Lisbon city has open data, regarding several parameters, of sensors around the city. The JSON query is the following
http://opendata-cml.qart.pt/measurements/RULAEQ0001?startDate=202104010000&endDate=202108310000
This will return the registered noise levels RULAEQ
for station 0001
between the those dates expressed in YYYYMMDDHHMM
There are 80 monitoring stations across the city and I would like to get the data for each one of them. The stations are numbered from 0001 to 0080.
What is the best way to automate this process in python?
Thank you in advance.
Note 1: I have the code working for one single query
# -*- coding: utf-8 -*-
# Import libraries
import pandas as pd
import urllib.request, json
from flatten_json import flatten
# Query URL
url = 'http://opendata-cml.qart.pt/measurements/RULAEQ0001?startDate=202104010000&endDate=202108310000'
# Read JSON from URL and decode
with urllib.request.urlopen(url) as url:
data = json.loads(url.read().decode())
# Flatten JSON data
data_flattened = [flatten(d) for d in data]
# Create dataframe
df = pd.DataFrame(data_flattened)
# Print Dataframe
print(df)
Note 2 : As usual, this is for a non-profit project and no commercial exploitation will be done.

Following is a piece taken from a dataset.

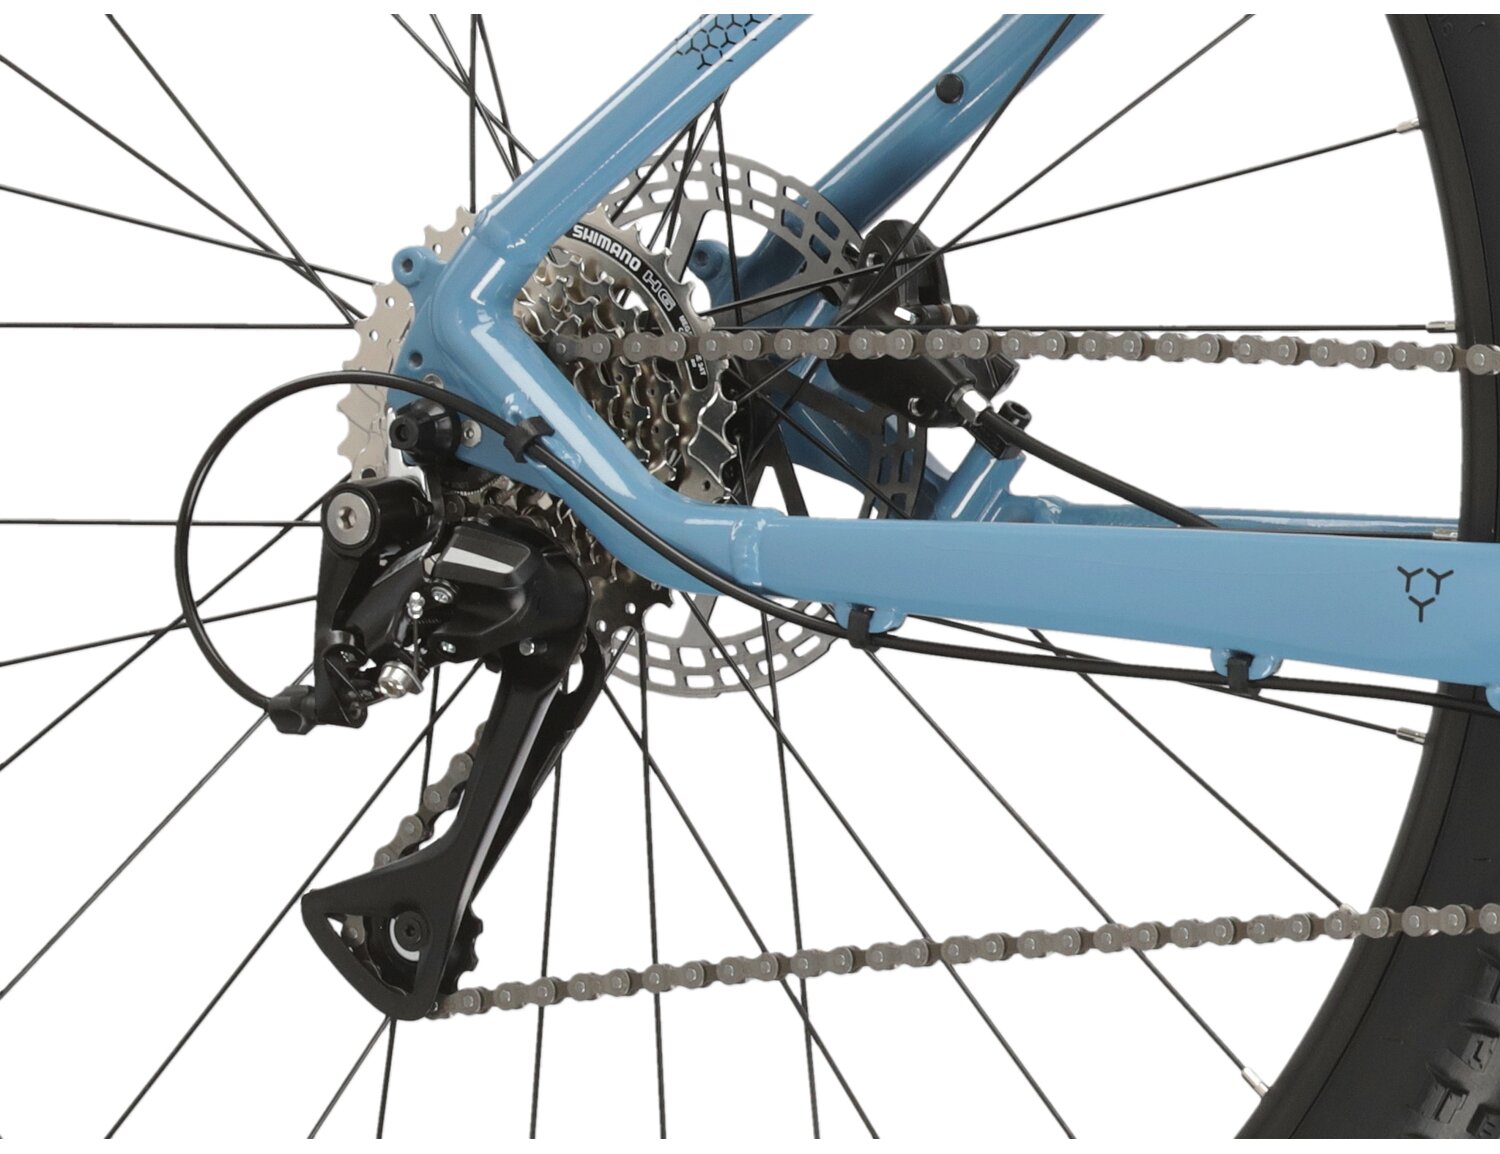  Tylna ośmiobiegowa przerzutka Shimano Acera RD M3020 oraz hydrauliczne hamulce tarczowe Shimano MT200 w rowerze górskim MTB KROSS Hexagon 4.0

CodePudding user response:
# -*- coding: utf-8 -*-
# Import libraries
import pandas as pd
import urllib.request, json
from flatten_json import flatten
for station in list(range(1, 80)):
# Query URL
url = f'http://opendata-cml.qart.pt/measurements/RULAEQ{str(station).zfill(4)}?startDate=202104010000&endDate=202108310000'
print(station)
# Read JSON from URL and decode
with urllib.request.urlopen(url) as url:
data = json.loads(url.read().decode())
# Flatten JSON data
data_flattened = [flatten(d) for d in data]
# Create dataframe
df = pd.DataFrame(data_flattened)
# Print Dataframe
print(df)
for station in list(range(1, 80)):
will loop between 1 and 80
url = f'http://opendata-cml.qart.pt/measurements/RULAEQ{str(station).zfill(4)}?startDate=202104010000&endDate=202108310000'
will use that id and pad the string with 0s to make it 4 digits long.